Tier Models Backend Memory floor Use case
🌱 Efficiency BitNet b1.58, Falcon-E, Falcon3 1.58-bit (8 models) bitnet.cpp 0.4 GB Always-on chat on any CPU; low-power laptops; background nodes
Quality Gemma 4, Qwen 3.5, SmolLM3, Phi-4 mini (5 models) mainline llama.cpp 1.1 GB Multilingual chat, longer context, multimodal (vision+audio)
🛠️ Specialist Qwen2.5-Coder, DeepSeek-R1-Distill, MiniCPM-V (3 models) mainline llama.cpp 1.9 GB Code generation, chain-of-thought reasoning, vision

A node operator picks one of five profile presetsminimal, efficient (default), balanced, full, or specialist_only — and the profile decides which tiers light up.
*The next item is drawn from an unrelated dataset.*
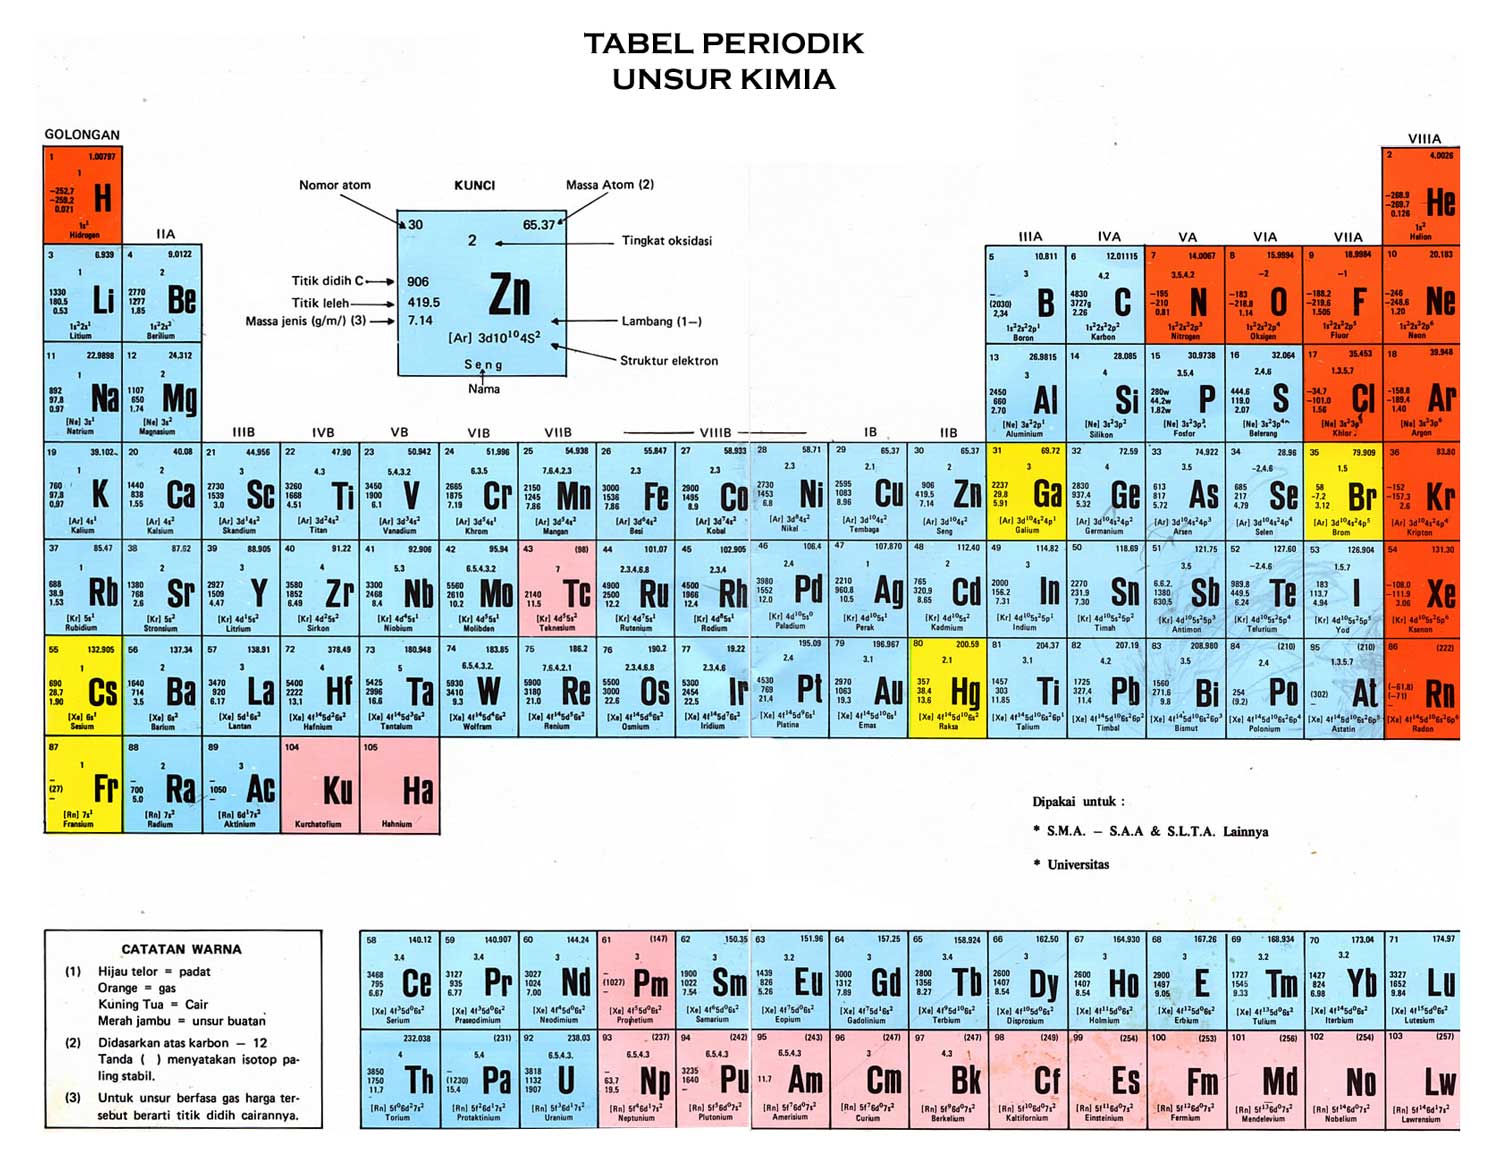 Tabel Periodik Unsur Kimia For Android Apk Download

The default keeps nodes lean (efficiency only); balanced adds Quality on machines with 8 GB+ RAM; full enables all three tiers on 16 GB+ workstations.

See docs/MODELS.md for the full catalog, license matrix, and HuggingFace URLs.


Quick start

Install

pip install aria-protocol

Start a node

# Default profile is "efficient" — 1.58-bit only, ~4 GB RAM, any CPU
aria node start --port 8765

# OpenAI-compatible API
aria api start --port 3000

Load a model

# Tier Efficiency (default)
aria model download BitNet-b1.58-2B-4T

# Tier Quality (after switching profile)
aria node profile set balanced
aria model download Gemma-4-E2B

# Tier Specialist (after switching profile)
aria node profile set full
aria model download Qwen2.5-Coder-7B-Instruct

Use with the OpenAI client

from openai import OpenAI

client = OpenAI(base_url="http://localhost:3000/v1", api_key="aria")
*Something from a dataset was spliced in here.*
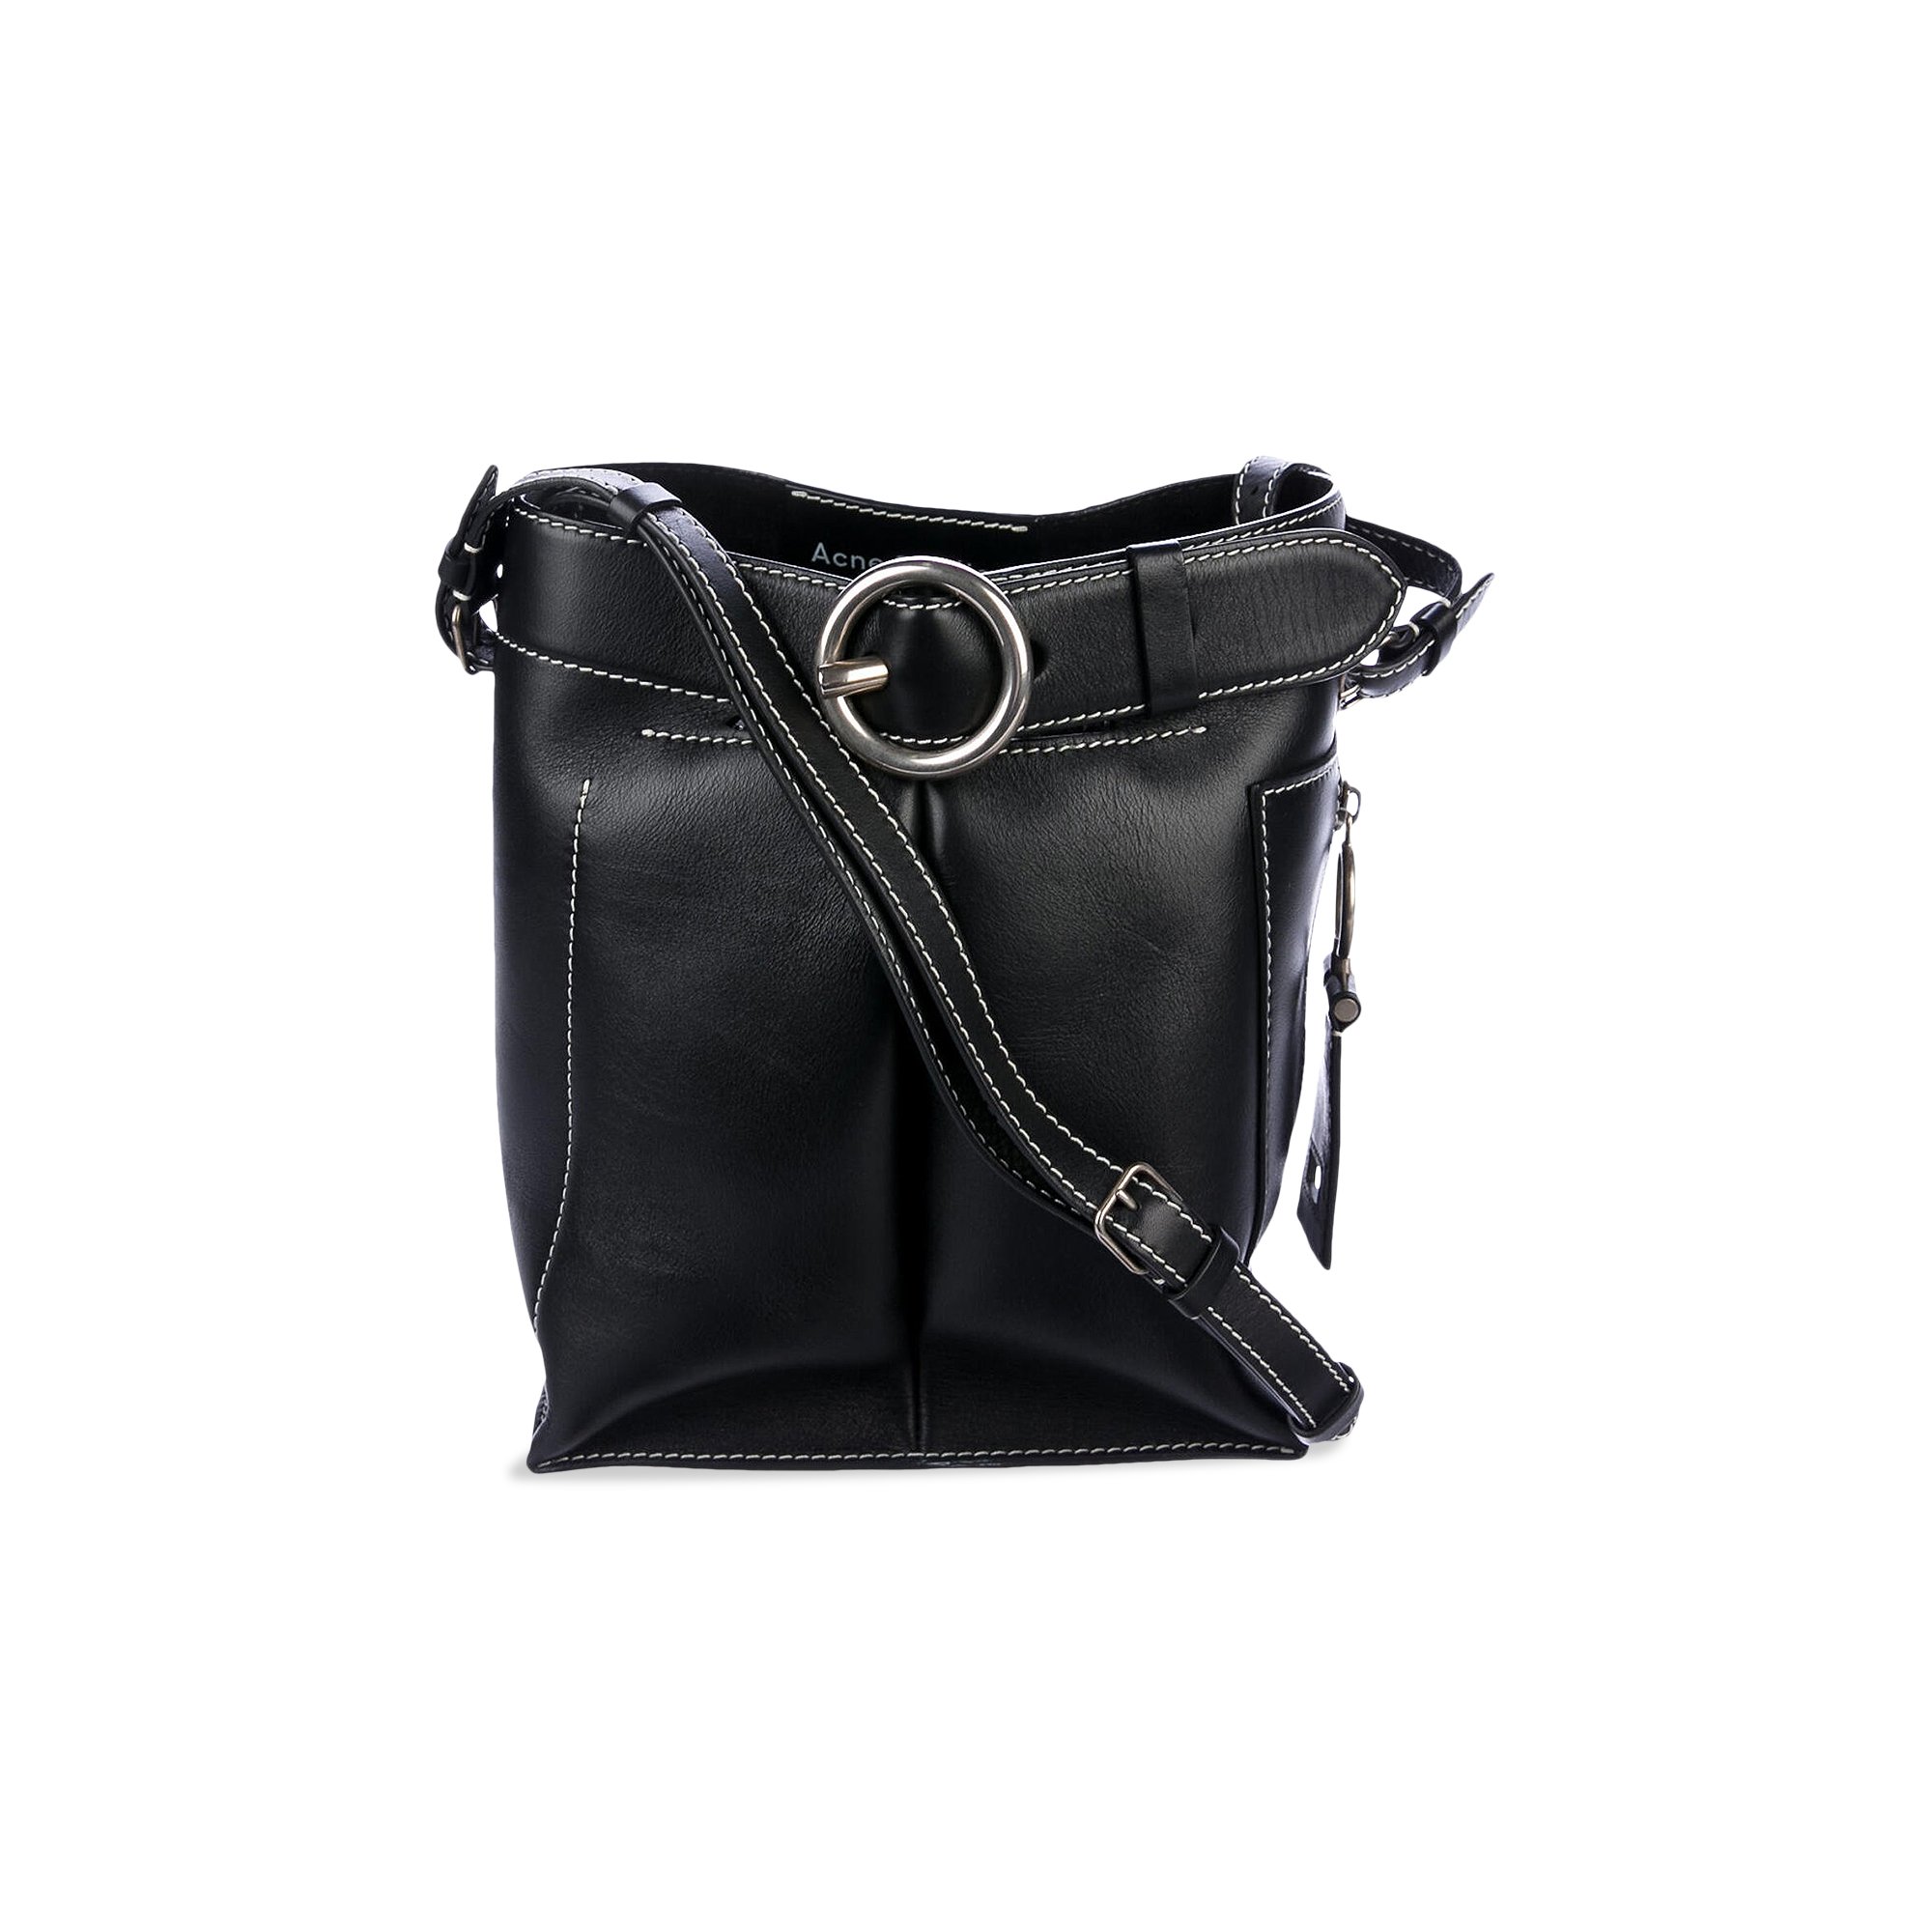 Buy Acne Studios Leather Buckle Bag 'Black' - 0352 200000408LBB

response = client.chat.completions.create(
    model="BitNet-b1.58-2B-4T",
    messages=[{"role": "user", "content": "What is quantum computing?"}],
)
print(response.choices[0].message.content)
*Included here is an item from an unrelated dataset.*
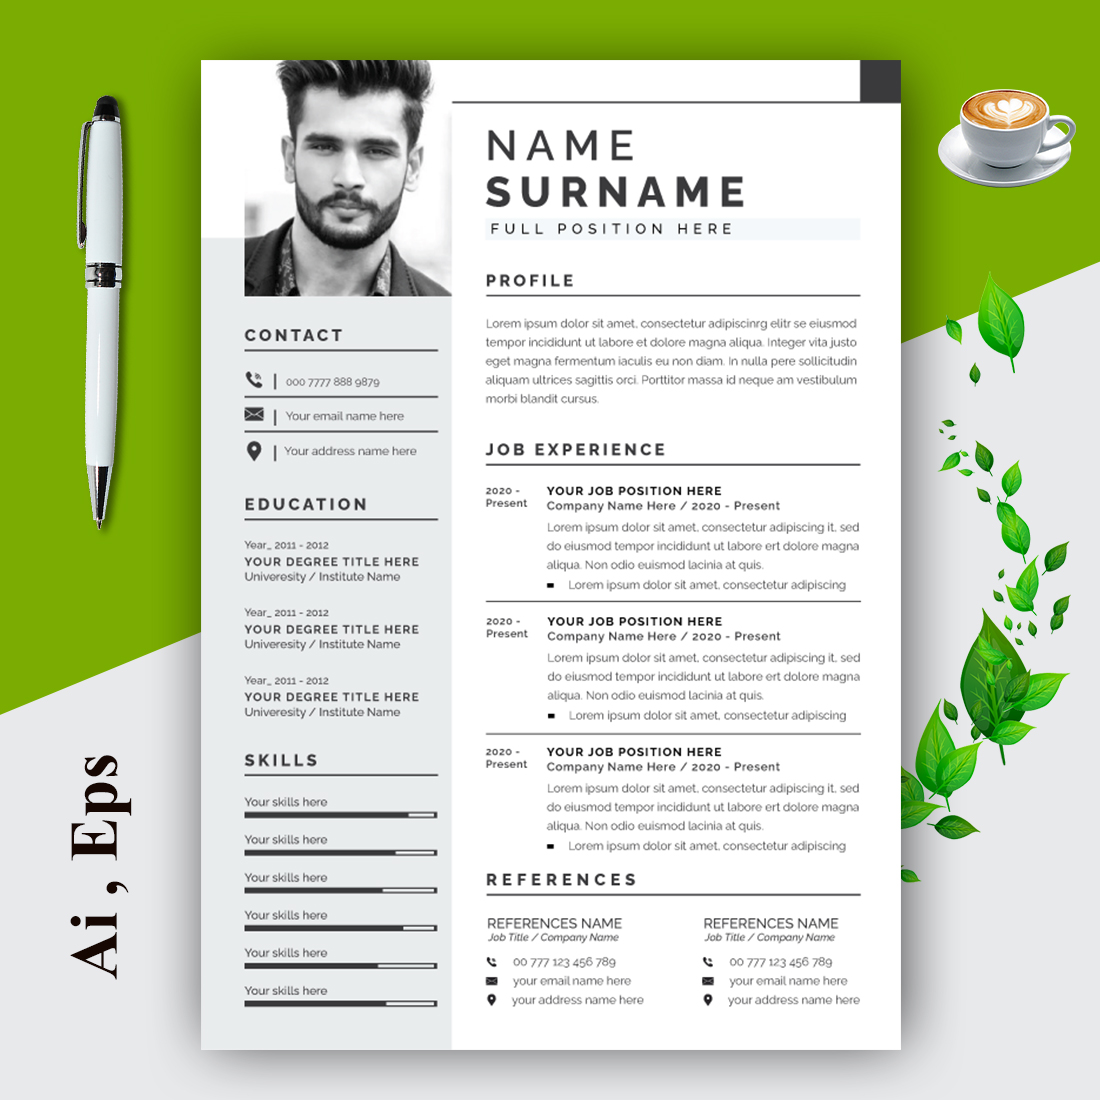 Resume Design Template Black & White cover image.

The smart router picks a model automatically when none is specified — pass the catalog ID (BitNet-b1.58-2B-4T, Gemma-4-E2B, Qwen2.5-Coder-7B-Instruct, …) when you want a specific one.

For the full walkthrough see docs/getting-started.md.


Supported models

ARIA v0.9.0 ships with 16 models across three tiers. Every entry passes a strict license gate at import — the catalog only contains models under MIT, Apache 2.0, or TII Falcon 2.0 licenses to keep P2P redistribution friction-free. Models considered and rejected on licensing grounds (Llama 3.x, Gemma 3, Mistral research, Yi, Command-R) are listed in docs/MODELS.md with the rejection reasoning.

Tier # models License surface
Efficiency 8 MIT, TII Falcon 2.0
Quality 5 Apache 2.0, MIT
Specialist 3 Apache 2.0, MIT

Adding a model is a pull request against aria/model_catalog.py. The gate refuses non-permissive licenses at import time so the roster cannot drift.

Full table: docs/MODELS.md.


Hardware

ARIA detects the local CPU/NPU at startup and ships the snapshot in the v2 peer hello so remote routers can prefer hardware-friendly peers:

aria hardware info

v0.9.0 ships NPU detection only — the protocol learns about AMD XDNA/XDNA2, Intel NPU, Qualcomm Hexagon, and Apple ANE devices, but inference itself still runs on the CPU. Real NPU acceleration ships in v1.0 via vendor-specific stubs (OpenVINO for Intel, QNN for Qualcomm, Core ML for Apple).

CPU detection covers Intel/AMD/Apple Silicon/Qualcomm Snapdragon, including AVX-512 capability used by bitnet.cpp for native 512-bit ternary kernels.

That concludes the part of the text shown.